Work required => In the entries below, find the line with "General 1080x1350 Iran" and the line with "Desireable German arts"; copy them and every line between them exactly, but not the pictures.

Entries shown =>

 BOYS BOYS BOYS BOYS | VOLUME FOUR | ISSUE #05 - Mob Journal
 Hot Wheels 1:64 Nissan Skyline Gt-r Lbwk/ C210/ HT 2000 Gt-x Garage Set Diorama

---

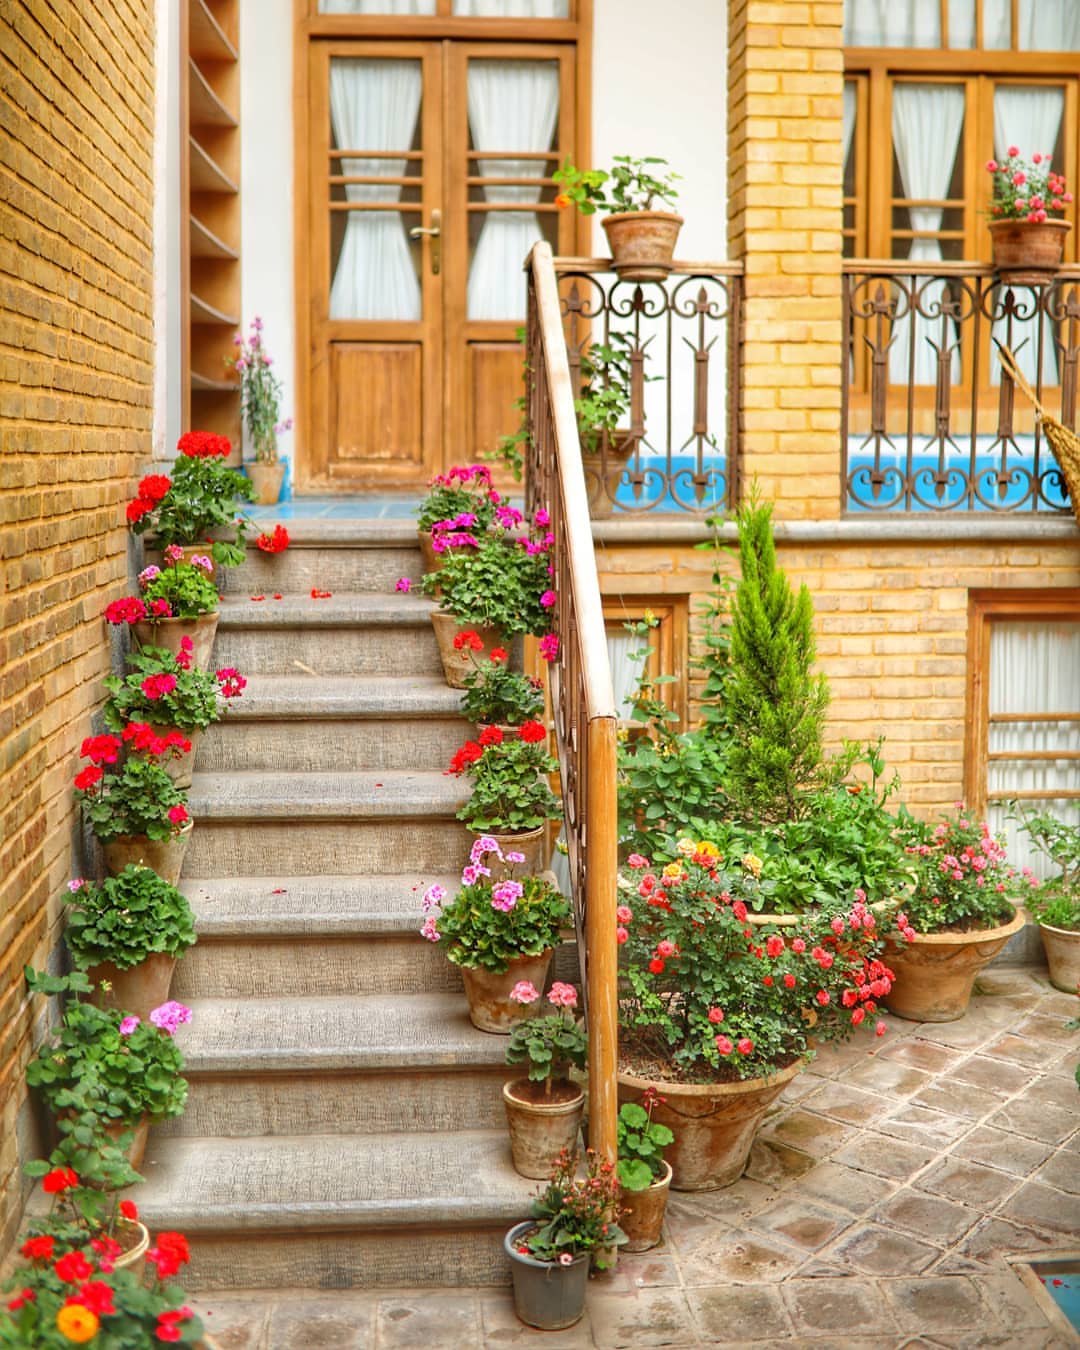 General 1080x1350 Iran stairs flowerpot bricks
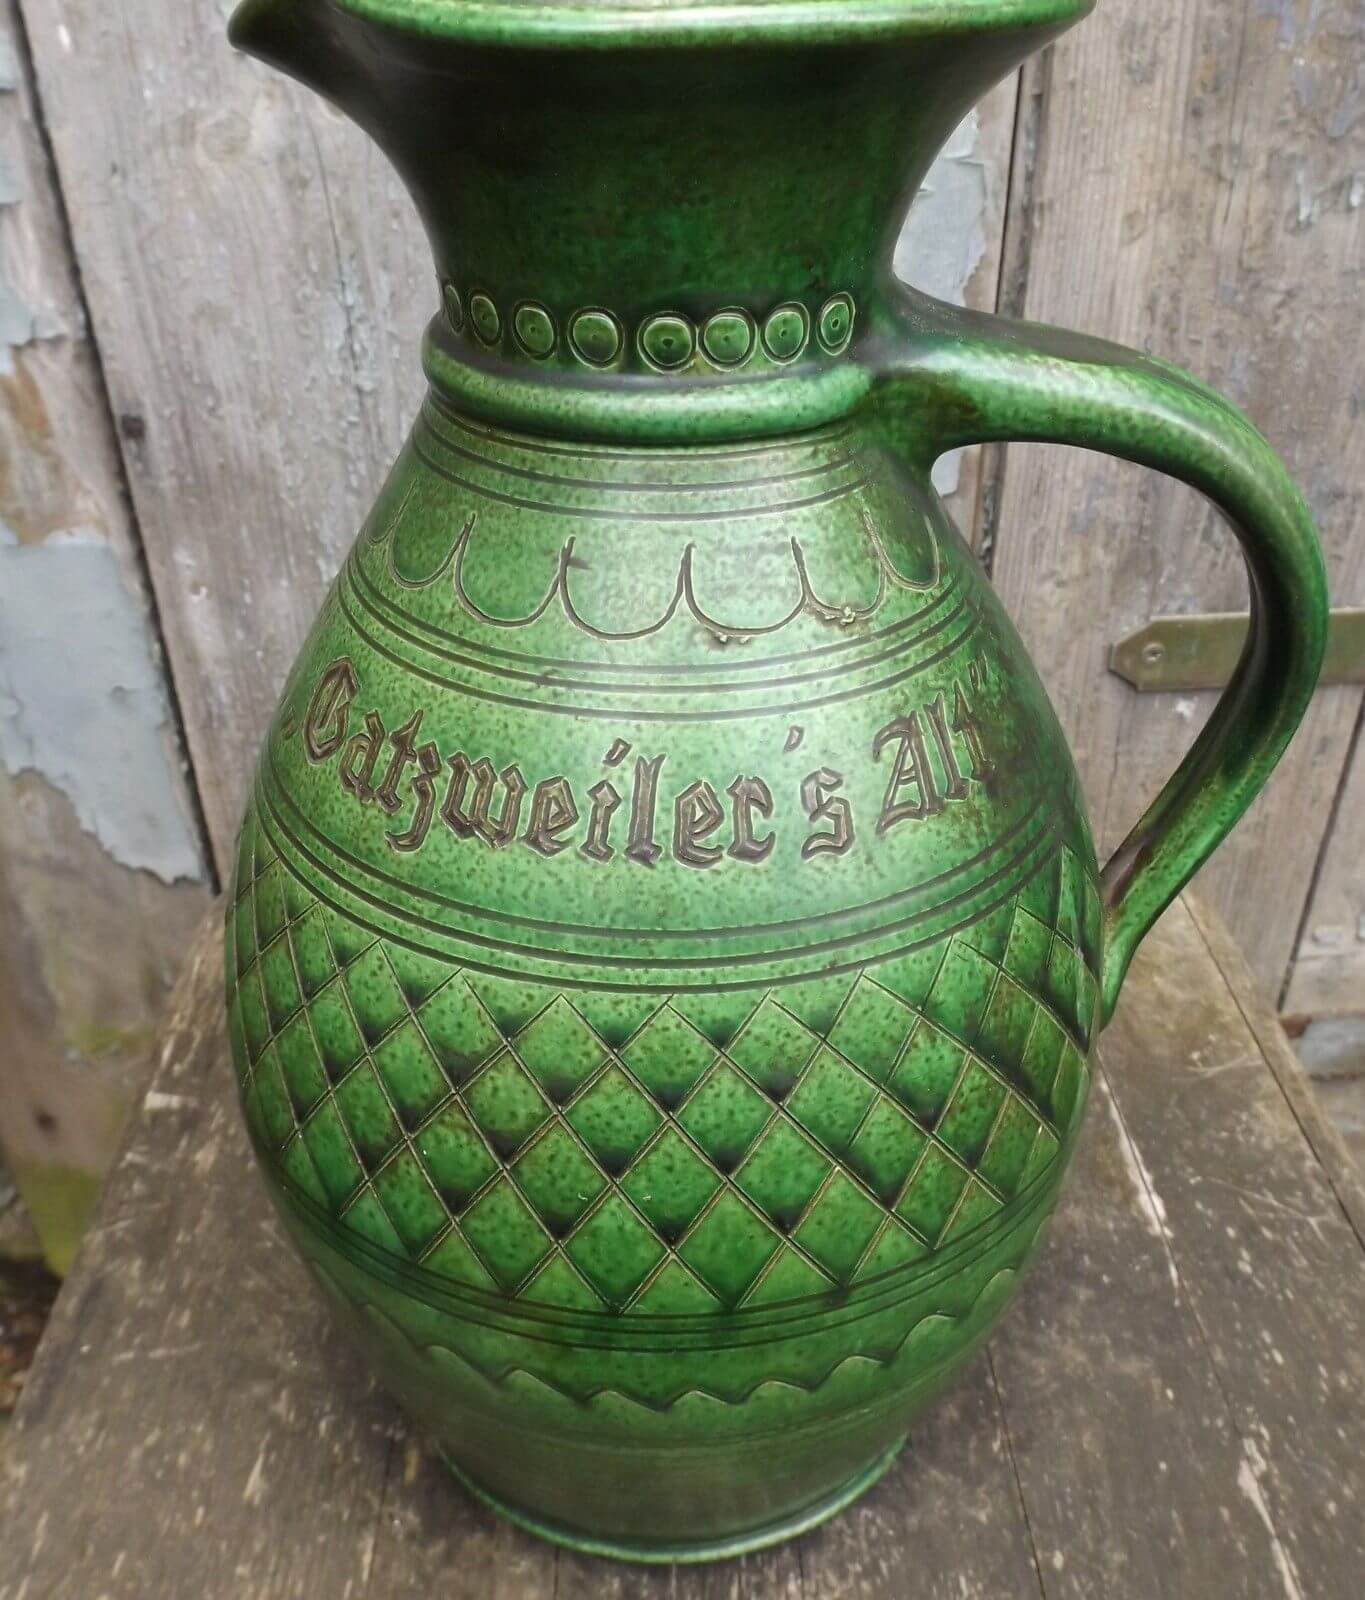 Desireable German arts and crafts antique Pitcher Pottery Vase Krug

Result of the exercise =>
 General 1080x1350 Iran stairs flowerpot bricks
 Desireable German arts and crafts antique Pitcher Pottery Vase Krug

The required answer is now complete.